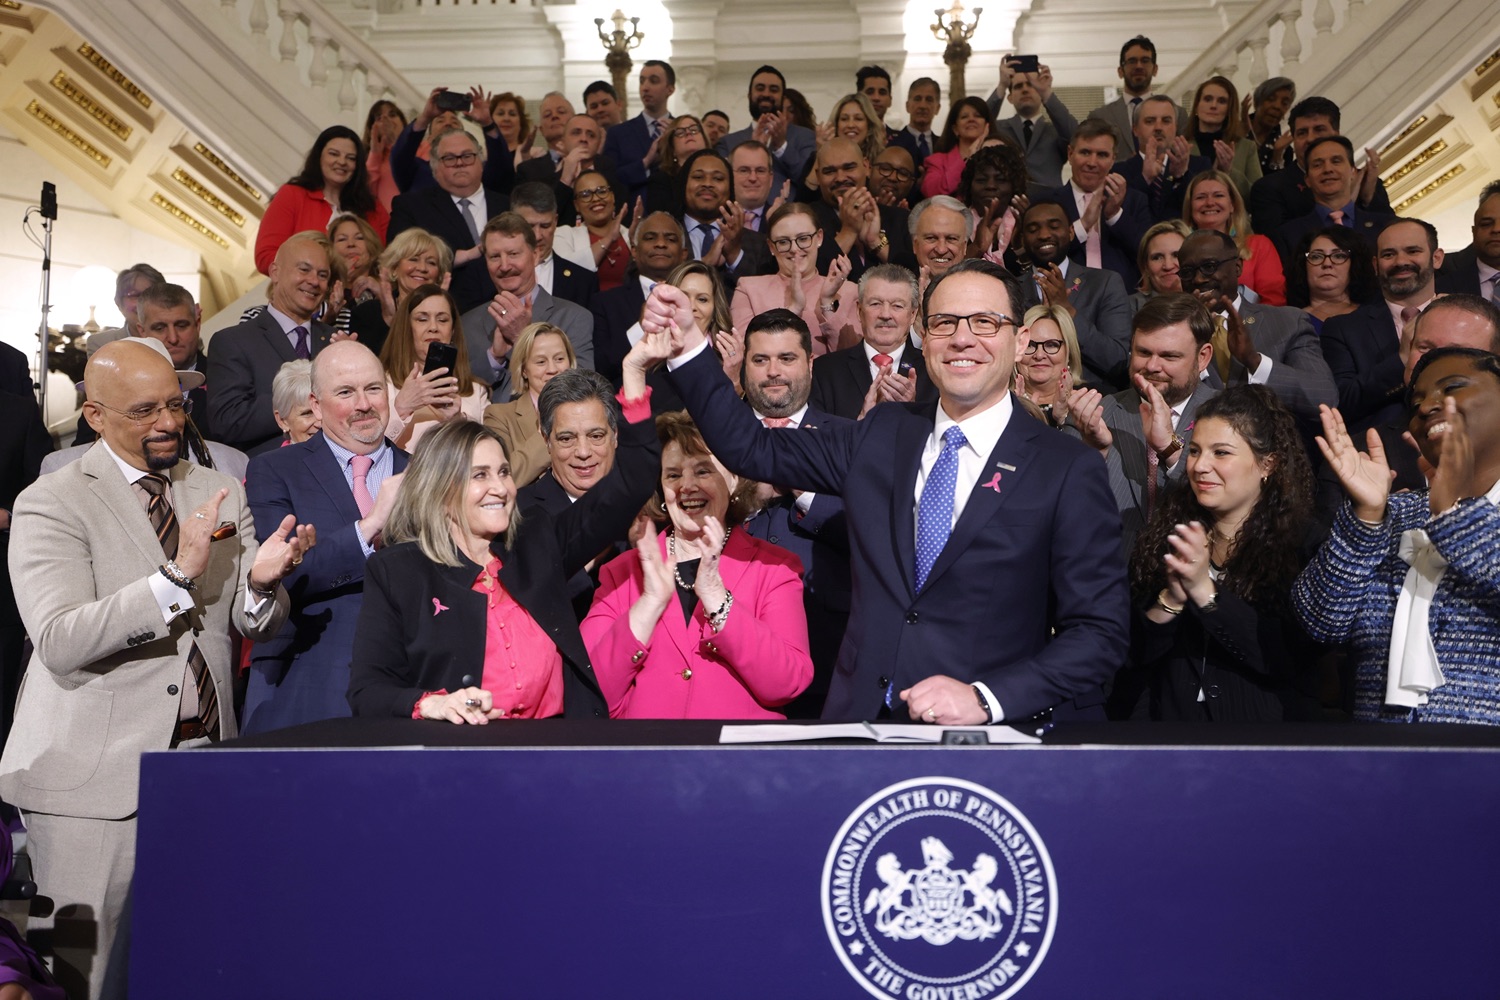 Governor Josh Shapiro signed the first bill of his Administration - Act 1 of 2023, a first-of-its-kind law in the nation that will require insurers to cover preventive breast and ovarian cancer screenings for high-risk women at no cost. MAY 01, 2023 - HARRISBURG, PA<br><a href="https://filesource.amperwave.net/commonwealthofpa/photo/23041_gov_sb8_dz_014.JPG" target="_blank">⇣ Download Photo</a>
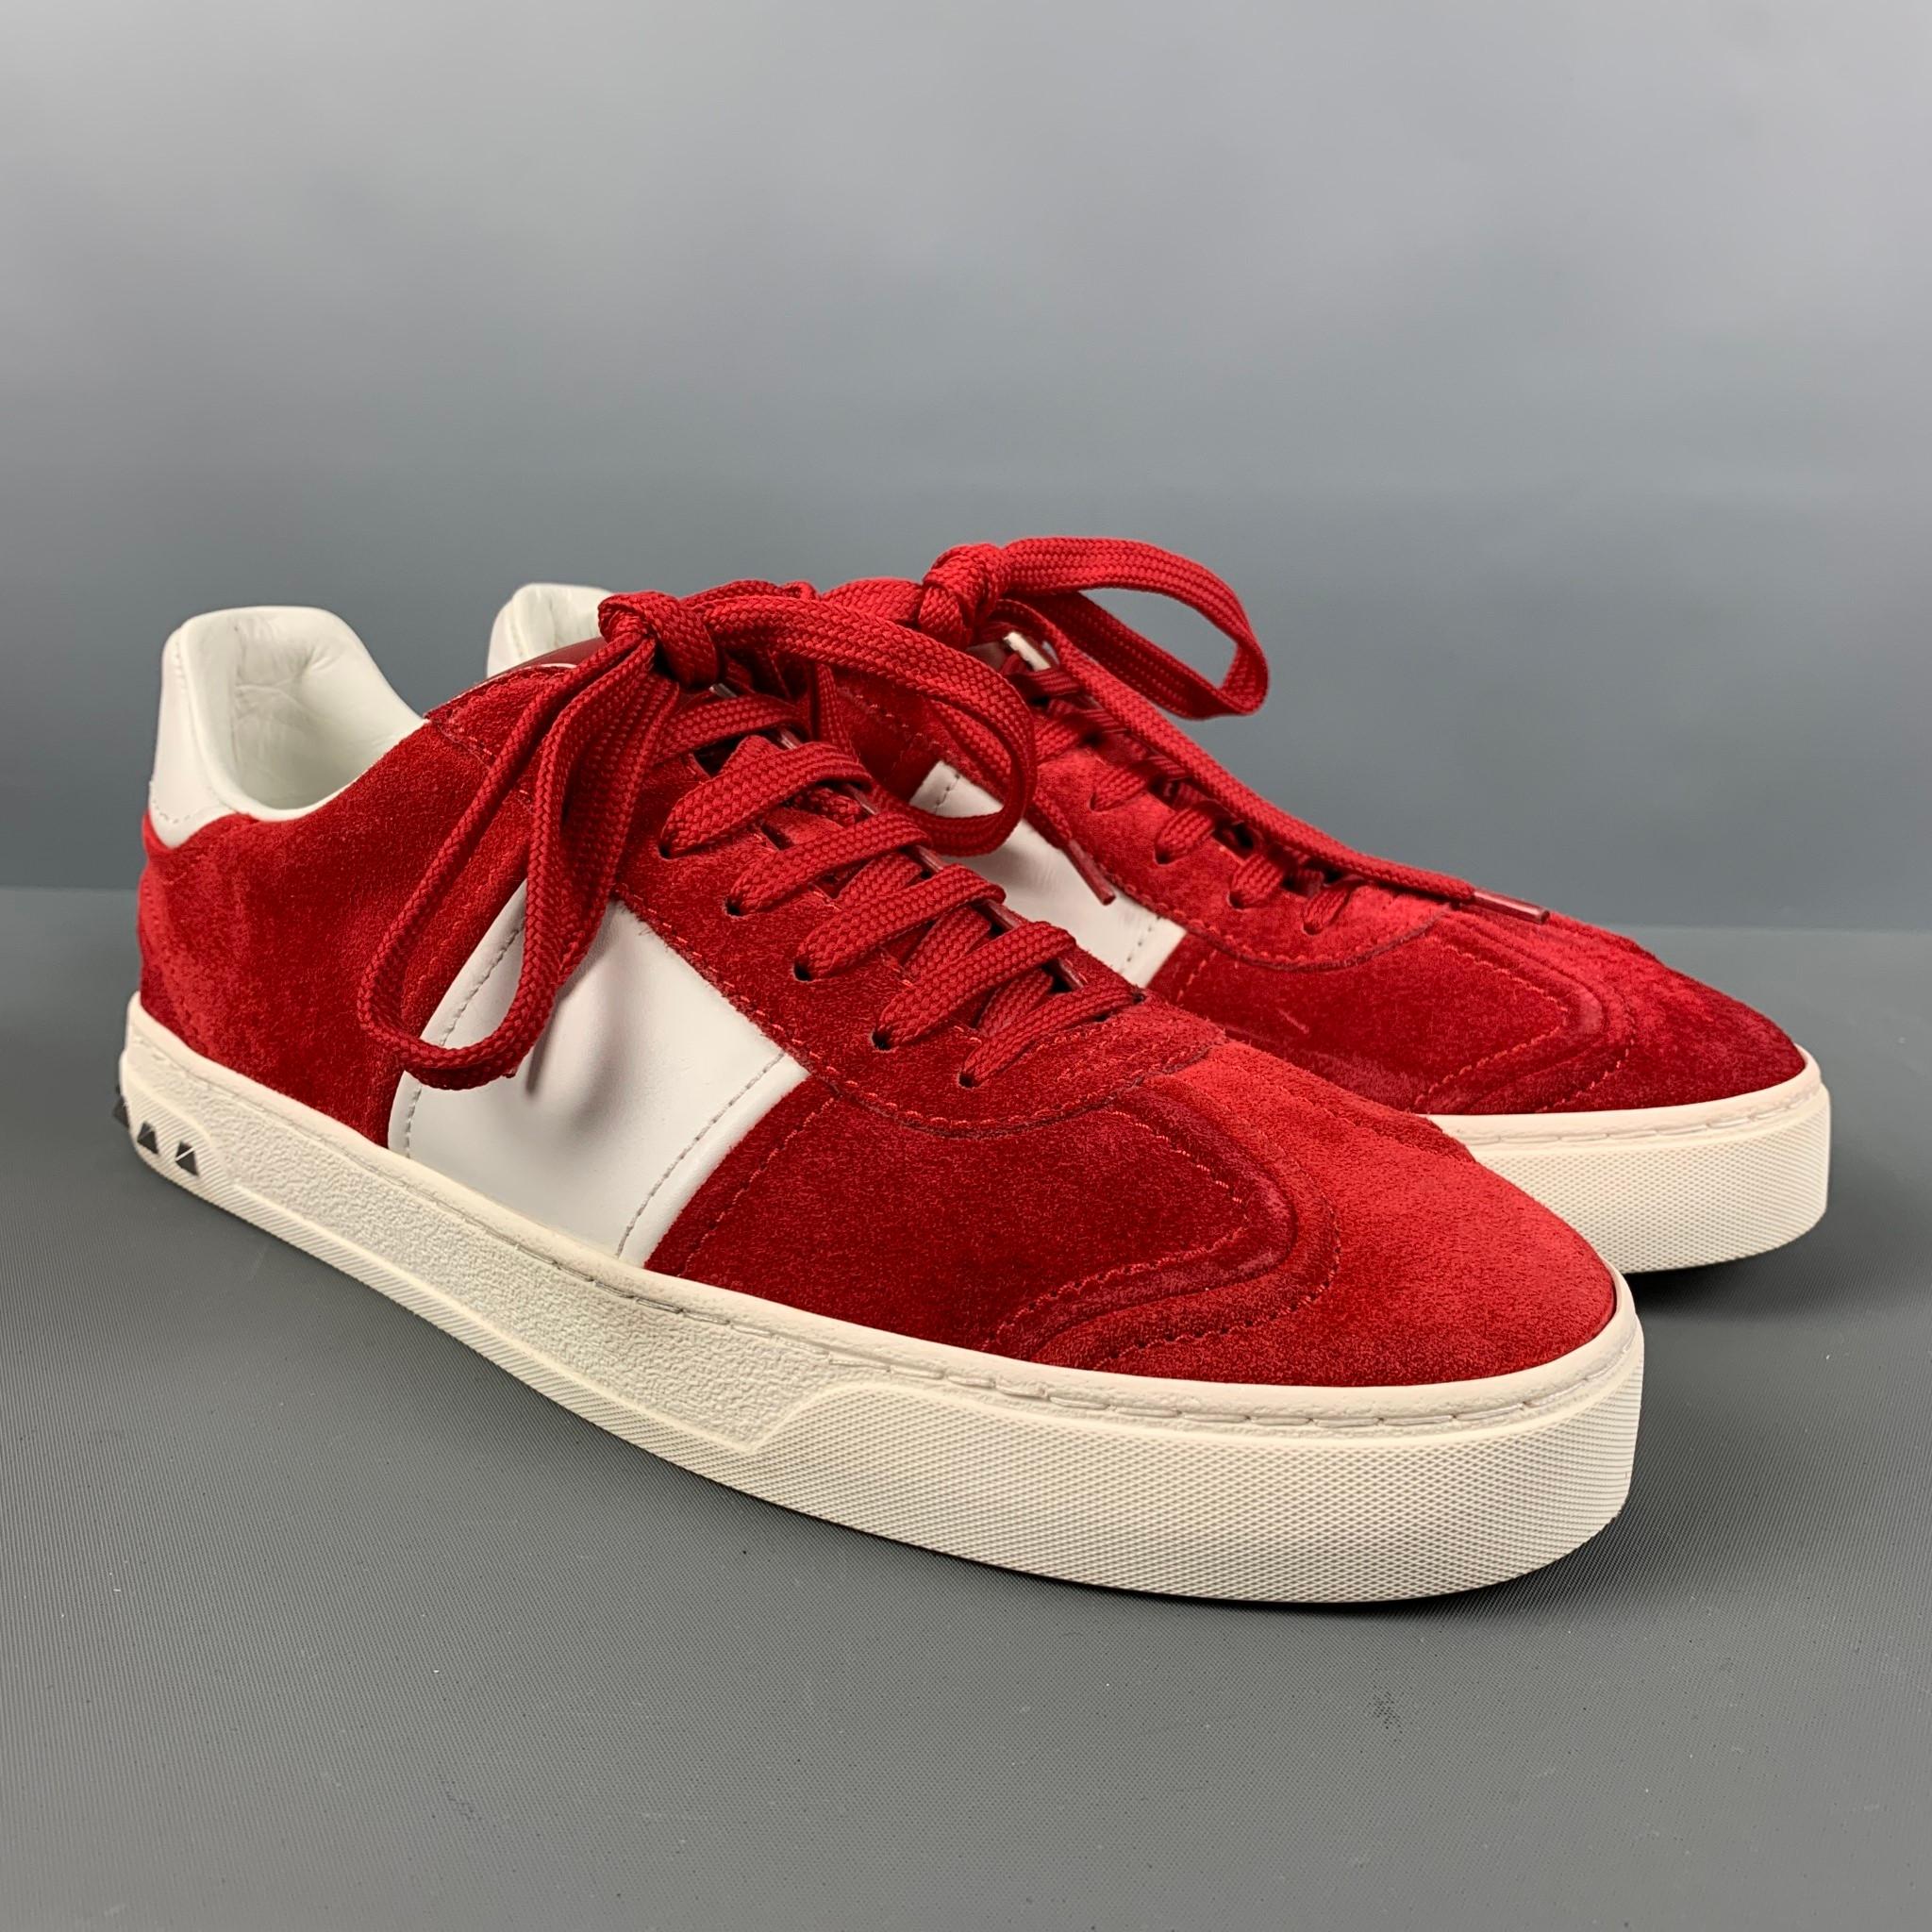 VALENTINO 'City Planet Rockstud' sneakers comes in a red and white suede featuring a low-top style, silver studs, and a lace up closure. Made in Italy.

Very Good Pre-Owned Condition.
Marked: TNA08Y2 41

Measurements: 

Length: 11.5 in.
Width: 4 in.

● The task
Your response must consist of the material above, reproduced word for word, with the images omitted.

● Completed exercise
 Governor Josh Shapiro signed the first bill of his Administration - Act 1 of 2023, a first-of-its-kind law in the nation that will require insurers to cover preventive breast and ovarian cancer screenings for high-risk women at no cost. MAY 01, 2023 - HARRISBURG, PA<br><a href="https://filesource.amperwave.net/commonwealthofpa/photo/23041_gov_sb8_dz_014.JPG" target="_blank">⇣ Download Photo</a>
 VALENTINO 'City Planet Rockstud' sneakers comes in a red and white suede featuring a low-top style, silver studs, and a lace up closure. Made in Italy.

Very Good Pre-Owned Condition.
Marked: TNA08Y2 41

Measurements: 

Length: 11.5 in.
Width: 4 in.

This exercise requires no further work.